Figure 3: Analysis of expanded or positively selected gene families in T. gondii.
figure 3

(a) Analysis of positive selective pressure among T. gondii gene families based on dN/dS. Red values indicate categories with significantly elevated dN/dS ratios, indicating positive selection for diversification, while blue values indicate categories with significantly reduced values, indicative of selection for conservation. Analysis based on 16 reference T. gondii genomes, although similar patterns were also seen for all 62 strains. Horizontal black line dN/dS median; yellow square, dN/dS mean; mean values significantly different than the category ‘Other’ (P≤0.05, Mann–Whitney–Wilcoxon test) are denoted with ‘*’. (b) Heatmap of the abundance of SPDs in conserved orthogroups. The number of genes in orthogroups containing SPD genes was determined across the 16 T. gondii reference genomes, H. hammondi and N. caninum, and plotted as a heatmap. Each row is an orthogroup, and the colour of each cell represents the number of genes in that orthogroup, range 0–19. (c) Schematic representation of domain structure of T. gondii protein families A to E. Family names and average protein lengths per family are indicated on the right. HVR, hypervariable region; KRDEGST-rich domain, protein domain rich in polar amino acids Lysine (K), Arginine (R), Aspartate (D), Glutamate (E), Serine (S), Threonine (T) and Glycine (G); SP, signal peptide; TMM, transmembrane domain; TR, tandem-repeat domain; VR, protein domain of variable length and sequence. Sequence motifs for each tandem-repeat unit are depicted in Logo format. Extra (ED) and intracellular (ID) protein domains, as predicted by Phobius, are indicated below protein schemes. (d) Life-cycle expression of TgFAM genes. Heatmap of log2-normalized microarray expression values for TgFAM genes across the T. gondii life cycle36,66,67. Background values for the array are near log2 of 5. Samples for unsporulated oocysts (Day 0 Oocyst), sporulated oocysts (Day 10 Oocyst), intermediate host tachyzoites (Day 2 Tachy), intermediate host dormant bradyzoite cysts (Day 8 Brady), and enteric stage merozoites (Day 5 Mero) are plotted.

We expanded the analysis of SPDs to examine their diversity among a set of reference genomes representing the 16 major haplogroups (Fig. 3b). OrthoMCL clustering of the SPD families revealed that while most members were represented in all 16 haplogroups, differences in representation and copy number were most evident in the SRS and ROP families (Fig. 3b). Collectively, these analyses reveal that the major difference between T. gondii strains is the diversification of SPD family members.
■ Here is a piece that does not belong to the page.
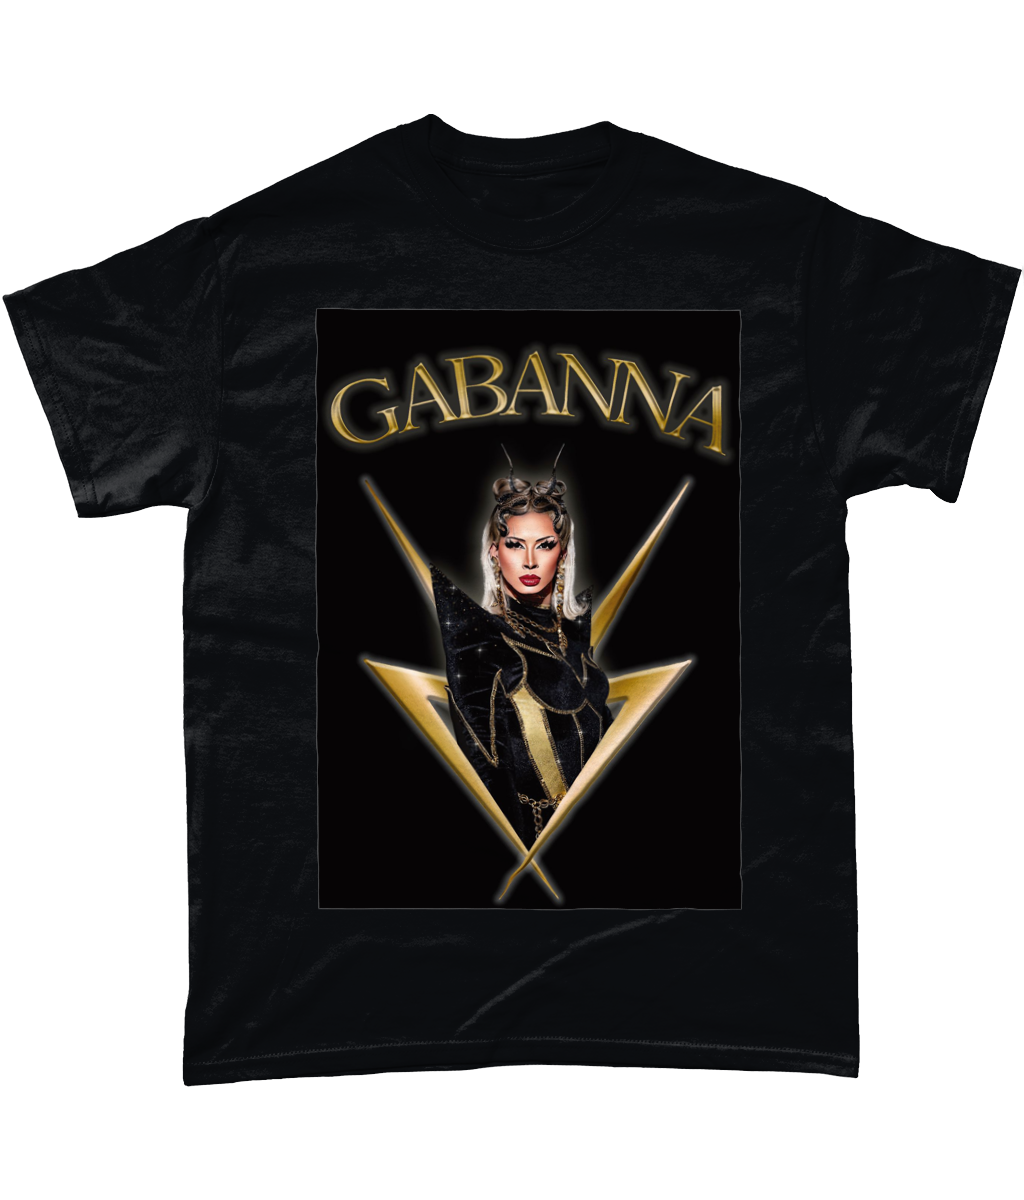 Gabanna - Black & Gold T-Shirt

Comparison of orthologues for GRA, ROP and SRS genes between T. gondii, H. hammondi and N. caninum revealed substantial differences in clustering by OrthoMCL, suggesting that the divergence among these genes may underlie biological differences between these species (Fig. 3b, Supplementary Fig. 7). In contrast, MIC genes were highly conserved, suggesting these organisms use a similar repertoire of host receptors (Fig. 3b). Comparison of OrthoMCL groupings also identified a number of putative species-specific genes unique to N. caninum, H. hammondi or T. gondii (Supplementary Fig. 8a, Supplementary Data 6). Further analysis indicated that a subset of the putative species-specific genes represent distant orthologues that are classified as separate groups by OrthoMCL (Supplementary Fig. 8b, Supplementary Data 6). Notably, this distant orthologue category is greater when comparing N. caninum to either T. gondii or H. hammondi, versus the pairwise comparison between the later two species. Among these distantly related orthologues, a number encode TgFAM or SRS genes, consistent with the idea that they influence important aspects of the biology (Supplementary Data 6). In contrast, a large number of the genes that differ between T. gondii and H. hammondi show evidence of alternative gene models, including early truncations, premature stop codons and frame shifts (Supplementary Fig. 8b, Supplementary Data 6). In addition, a smaller number of genes were present only in one species and are predicted to be unique, the majority of which were annotated as hypothetical unknowns. Analysis of alternative allele frequencies, RNA-seq data, and sequencing depth coverage failed to find evidence that these predicted differences are due to sequencing or assembly errors and instead suggest that many are genuine (Supplementary Fig. 8 c–f). Consequently, the putative unique gene list provided in Supplementary Data 6 provides a tentative starting point to identify genes that may mediate important biological differences between these closely related species.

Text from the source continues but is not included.